Cinq ans plus tard, celui qui avait déjà été ministre des Affaires étrangères durant 16 ans dans les décennies 1960-70, est devenu le premier chef de l'Etat algérien démocratiquement reconduit depuis l'indépendance de l'ancienne colonie française, en 1962.
Bouteflika n'a pas encore explicitement exprimé son intention de briguer une troisième mandat à l'expiration de son quinquennat actuel, en avril 2009, mais ses opposants l'accusent ouvertement de faire modifier la loi fondamentale par un Parlement à sa main afin de s'incruster au pouvoir.
"A l'instar de beaucoup d'autres potentats, ailleurs dans le monde, il a toujours voulu être président a vie", a écrit à son propos Rachid Benyelles, un ancien général naguère très influent et aujourd'hui à la retraite.
Selon lui, le maintien de Bouteflika à la présidence va accroître ce que beaucoup d'Algériens ressentent comme une profonde stagnation politique de leur pays de 34 millions d'habitants que ses richesses en pétrole et gaz placent au troisième rang des économies africaines.
"ENCORE UN SACRIFICE POUR L'ALGERIE"
Dénonçant la mainmise de la présidence sur les pouvoirs législatif et judiciaire, les dirigeants politiques d'opposition estiment qu'il aurait mieux valu respecter plutôt qu'amender la Constitution algérienne au nom d'un supposé renforcement de la démocratie.
"Les articles soumis à amendement sont violés quotidiennement par le groupe politique qui organise ce qu'il faut bien appeler un putsch", affirme ainsi le Rassemblement pour la culture et la démocratie (RCD), parti d'opposition laïque et berbérisant. "Aujourd'hui, la Loi fondamentale est amendée pour une présidence a vie", accuse-t-il."
Les partisans du président, qui avait été opéré en décembre 2005 en France d'un ulcère hémorragique à l'estomac, assurent au contraire que la réforme constitutionnelle vise à renforcer la démocratie et à poursuivre la reconstruction du pays après une décennie de violences qui a fait quelque 150.000 morts.

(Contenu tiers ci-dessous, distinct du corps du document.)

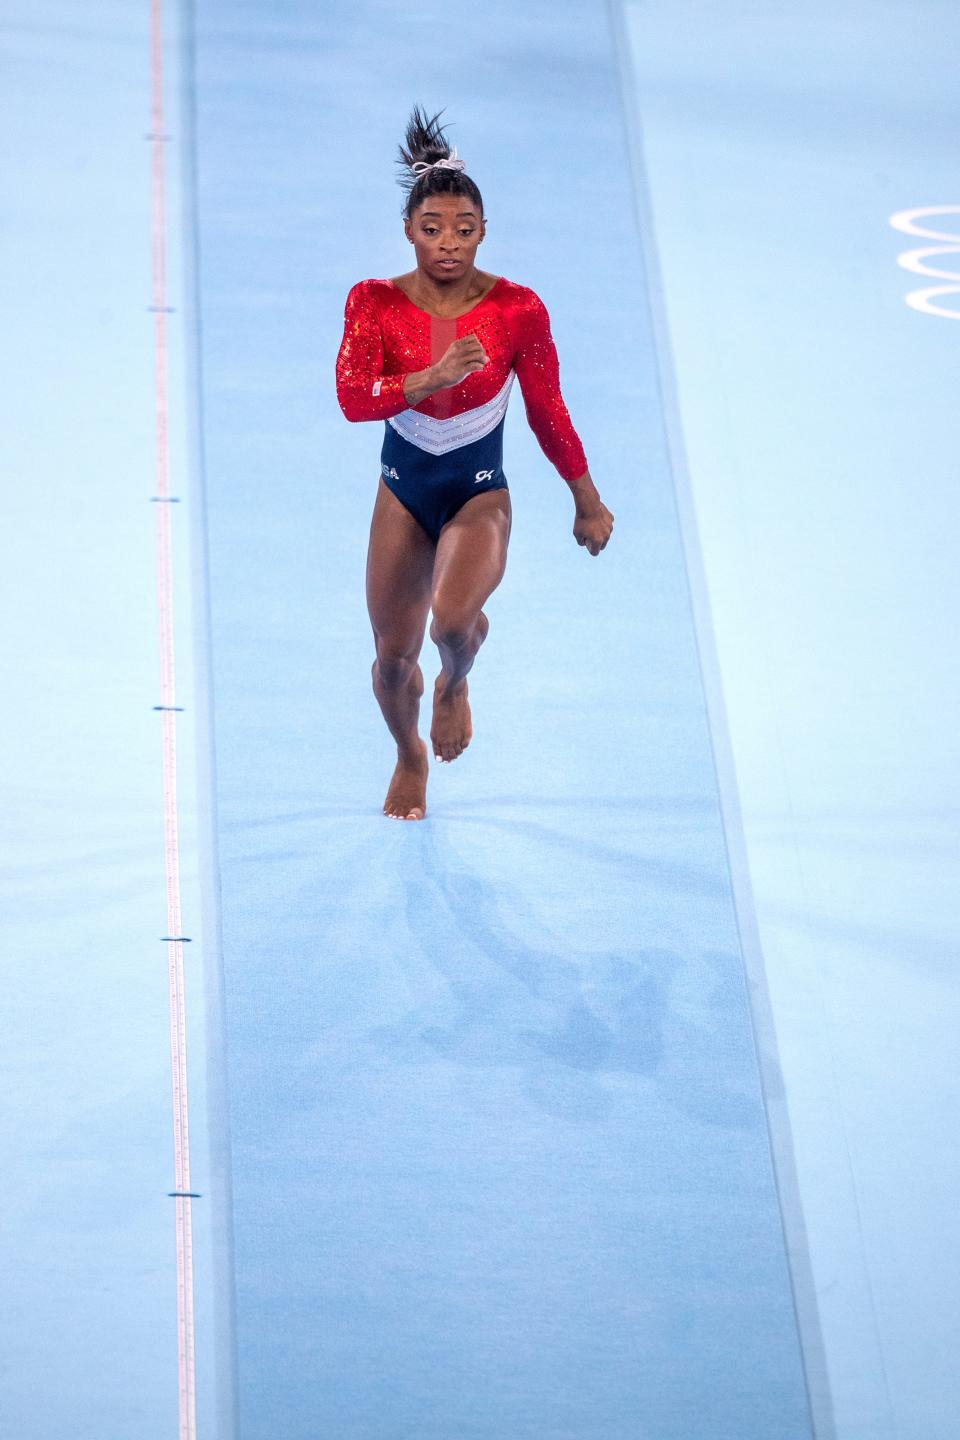 Biles is seen running toward the vault, which is not in view.

Selon le journal gouvernemental El Moudjahid, la réforme, qui comprend d'autres amendement tendant à renforcer les prérogatives présidentielles, répond à une demande populaire: "Les Algériens, en fait, ont demandé à Abdelaziz Bouteflika de faire encore un sacrifice pour l'Algérie."
Ces changements ont pour objet de "permettre au peuple d'exercer son droit légitime à choisir ses gouvernants et à leur renouveler sa confiance en toute souveraineté", avait souligné Bouteflika lui-même en annonçant la future réforme devant un parterre de magistrats le 29 octobre.
"Nul n'a le droit de limiter la liberté du peuple dans l'expression de sa volonté, car la relation entre le gouvernant élu et le citoyen électeur est une relation de confiance profonde, réciproque, basée sur le choix populaire, libre et convaincu", avait-il souligné.
"Au peuple et au peuple seul revient le pouvoir de décision", avait encore ajouté Bouteflika.
Certains commentateurs estiment précisément que son choix de ne pas recourir à un référendum pour réformer la Constitution est susceptible d'affaiblir sa légitimité, notamment parmi les laissés-pour-compte d'un système qu'ils perçoivent comme au service d'une élite politique corrompue.